Math Behind Backpropagation

In this blog, we will learn about the math behind backpropagation in neural networks.

Backpropagation is the core algorithm that allows neural networks to learn from their mistakes. Without it, training neural networks efficiently would not be possible. Understanding the math behind it gives us a deeper understanding of how neural networks actually learn. Do not worry, we will learn about each concept step by step so that everything is clear.

We will cover the following topics:

What is backpropagation?
The chain rule of calculus
Forward pass
Loss calculation
Backward pass (backpropagation)
Step-by-step numeric example
Weight update using gradient descent
Backpropagation in Python

I am Amit Shekhar, Founder @ Outcome School, I have taught and mentored many developers, and their efforts landed them high-paying tech jobs, helped many tech companies in solving their unique problems, and created many open-source libraries being used by top companies. I am passionate about sharing knowledge through open-source, blogs, and videos.

I teach AI and Machine Learning at Outcome School.

Let's get started.

What is Backpropagation?

Backpropagation is a method used to calculate how much each weight in a neural network contributed to the error, so that we can adjust those weights to reduce the error.

In simple words, Backpropagation = Backward + Propagation. It means propagating (sending) the error backward through the network. Here, weights are the numbers that the network adjusts during training to make better predictions.

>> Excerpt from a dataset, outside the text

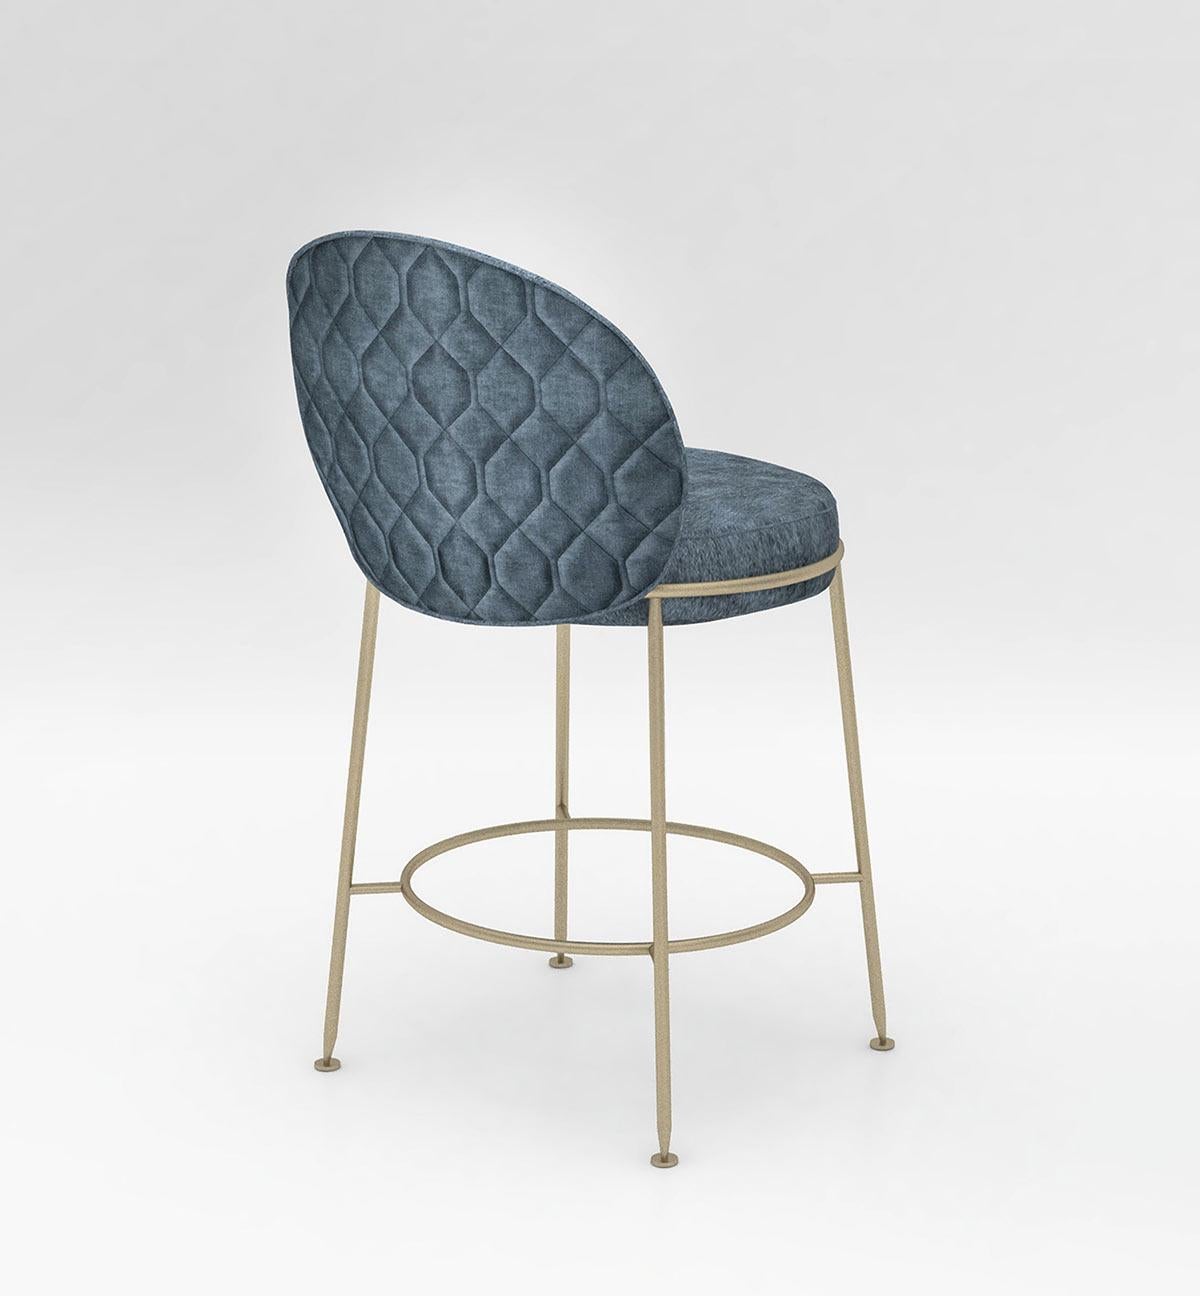 Other Beatiful Barstool Amaretto Collection Available in Different Colors For Sale

Let's say a student takes a math test and gets a wrong answer. The teacher does not just say "wrong" - the teacher goes back through each step to find exactly where the student made the mistake. That is what backpropagation does. It goes backward through each layer of the network to find how much each weight contributed to the error.

The Chain Rule of Calculus

Before we dive into backpropagation, we must understand the chain rule. Do not worry, we will keep it simple.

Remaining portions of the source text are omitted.